Initialization:

Lets prepare the tidyverse library and also load up the csv file for the dataset.

library(tidyverse)
## ── Attaching core tidyverse packages ──────────────────────── tidyverse 2.0.0 ──
## ✔ dplyr     1.1.4     ✔ readr     2.1.6
## ✔ forcats   1.0.1     ✔ stringr   1.6.0
## ✔ ggplot2   4.0.1     ✔ tibble    3.3.1
## ✔ lubridate 1.9.4     ✔ tidyr     1.3.2
## ✔ purrr     1.2.1     
## ── Conflicts ────────────────────────────────────────── tidyverse_conflicts() ──
## ✖ dplyr::filter() masks stats::filter()
## ✖ dplyr::lag()    masks stats::lag()
## ℹ Use the conflicted package (<http://conflicted.r-lib.org/>) to force all conflicts to become errors
df_main <- read.csv("climate_change_dataset.csv")
head(df_main)

Task #1

1.) Let’s first talk about 2 columns or values in my dataset that were unclear to me until I viewed the documentation. The two that I had trouble with was Renewable Energy (%), and Forest Area (%). These two sound very abstract when you think about it. Like what does forest area percentage mean? What is the percent based off of? There are so many variables that go into renewable energy, how can we dissolve all of that into a single variable? Once I read the documentation it made a lot more sense. The documentation states the renewable energy is the “percentage of total energy consumption in a country that comes from renewable energy sources (solar, wind, hyrdo, etc.)”. It further goes to clarify that the metric is very important to establish the progress made towards sustainable energy and reducing emissions. This at the very least establishes a tighter set of attributes that the variable is based off of rather then just being very vague. I think they encoded this data this way because the number of attributes (solar, wind, hydro) are not fixed and we could in theory continue to add more and more items. For example we could have thermal energy in there too. Having the list of attributes trail off with the etc. indicates that there are many different technologies that contribute to the overall percentage without listing out potentially hundreds of sources. We can encapsulate all of that into a percentage.

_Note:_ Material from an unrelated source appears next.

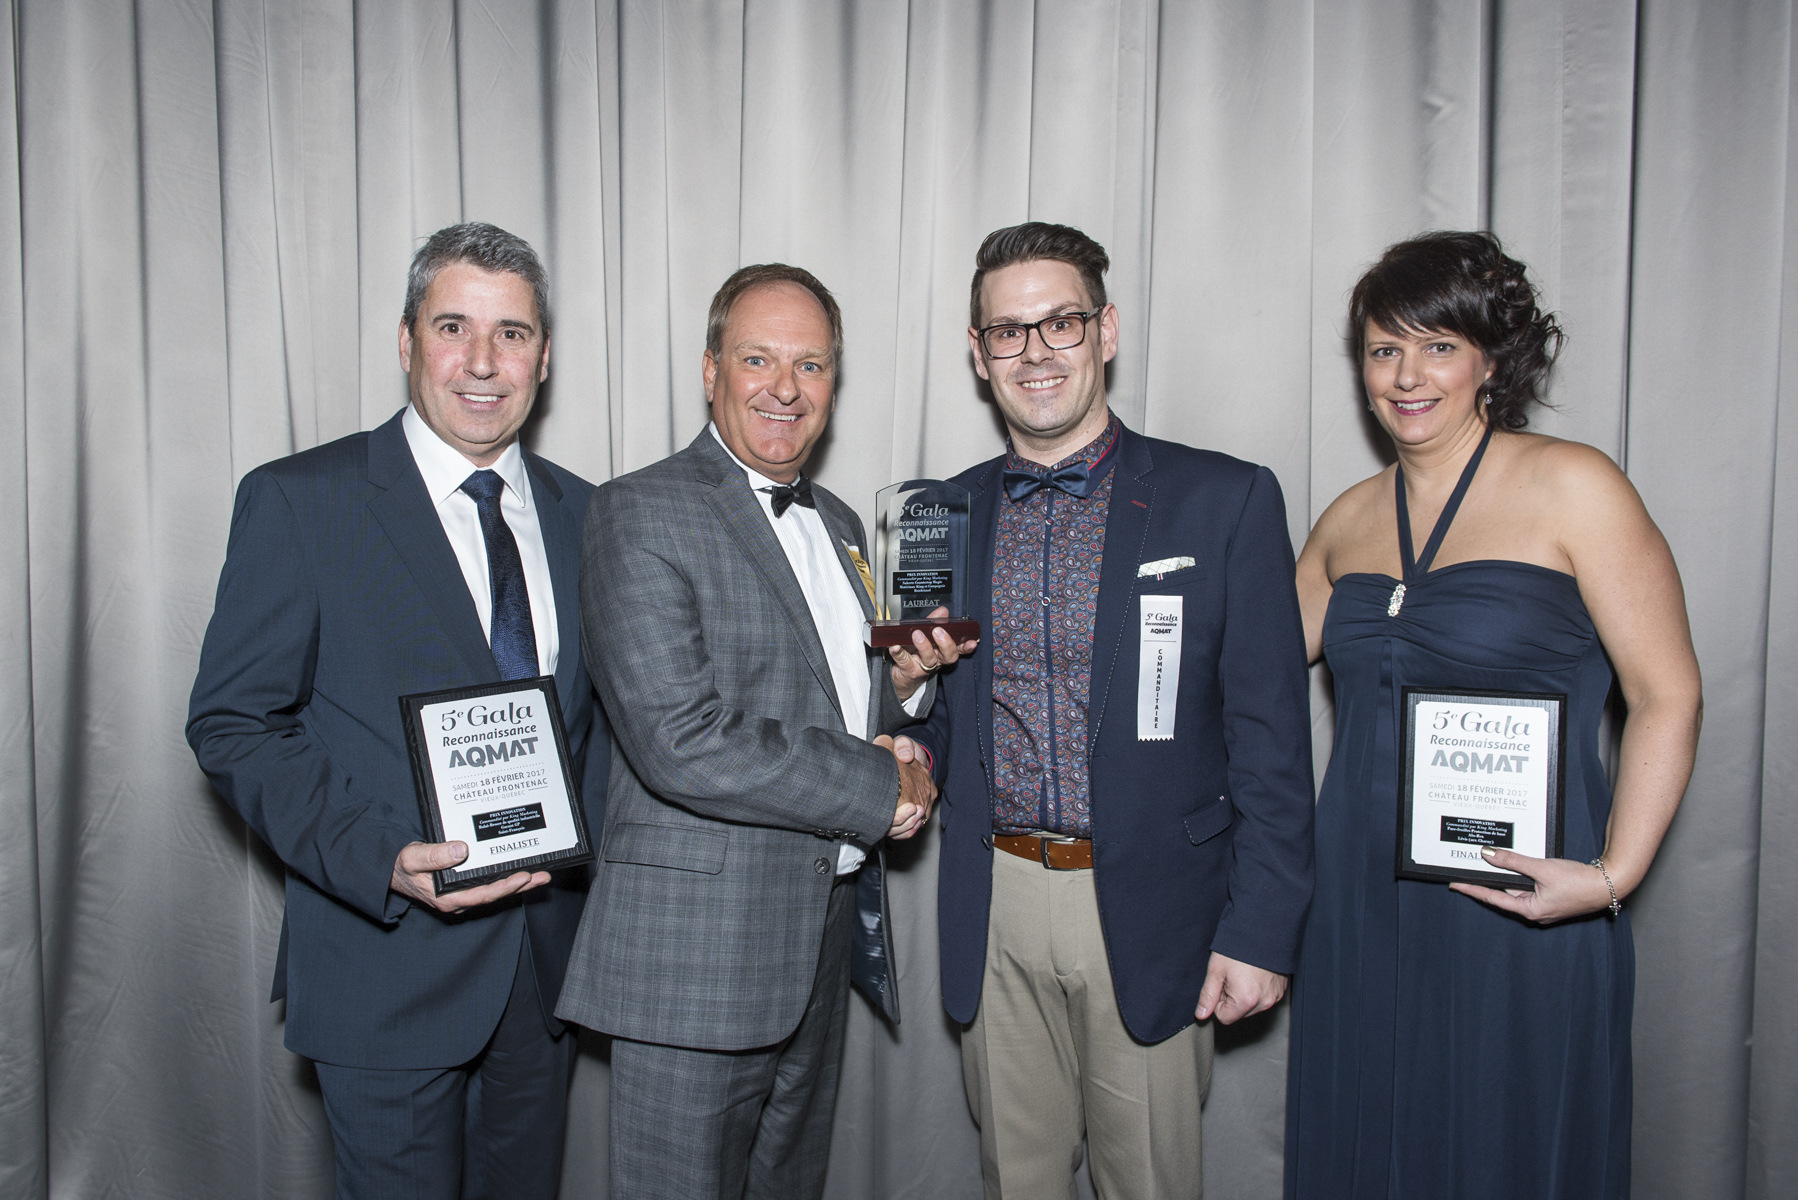 King Home Improvement Product Group Receives AQMAT Innovation Award

Similarly, Forest Area (%) can also be investigated in the documentation. When we do we learn that it is the “percentage of the total land area of a country covered by forests”. This makes sense and now we concretely know what the percentage of the area we are talking about is derived from. It is also stated that “Forest cover is a critical indicator of biodiversity and carbon sequestration”. This means if we wanted to some deeper analysis we could pull the results of the carbon emissions variable and this simultaneously and use them for a more comprehensive analysis.

Without reading the documentation it is possible that I could have failed to understand the full scope of what the variables encompass and thus draw inadequate conclusions from the data.

Task #2

2.) My dataset is pretty well documented but there is one thing that I didn’t fully understand. The Extreme Weather Events variable is defined as “the number of extreme weather events recorded in each country, such as hurricanes, floods, wildfires, and droughts”. The part that I don’t fully understand (or would improve if I was collecting the data) is how we classify if something is an actual extreme weather effect? If a hurricane grazed me and all I got was some light rain and some slightly heavy wind, does that count as my area being effected by extreme weather? Or is damage to the area used as a metric to determine if an weather event classifies as “extreme”? Again these might not necessarily be things that confuse me but rather data that is left for interpretation by documentation.

Task #3

3.) In this section we will pick Extreme Weather Effects variable to be the one that we do our visualizations for. We will then try to find if we can highlight some of the issues with this variable that we mentioned in part 2.) via the visualizations.

#DEBUG CODE
names(df_main)
##  [1] "Year"                        "Country"                    
##  [3] "Avg.Temperature...C."        "CO2.Emissions..Tons.Capita."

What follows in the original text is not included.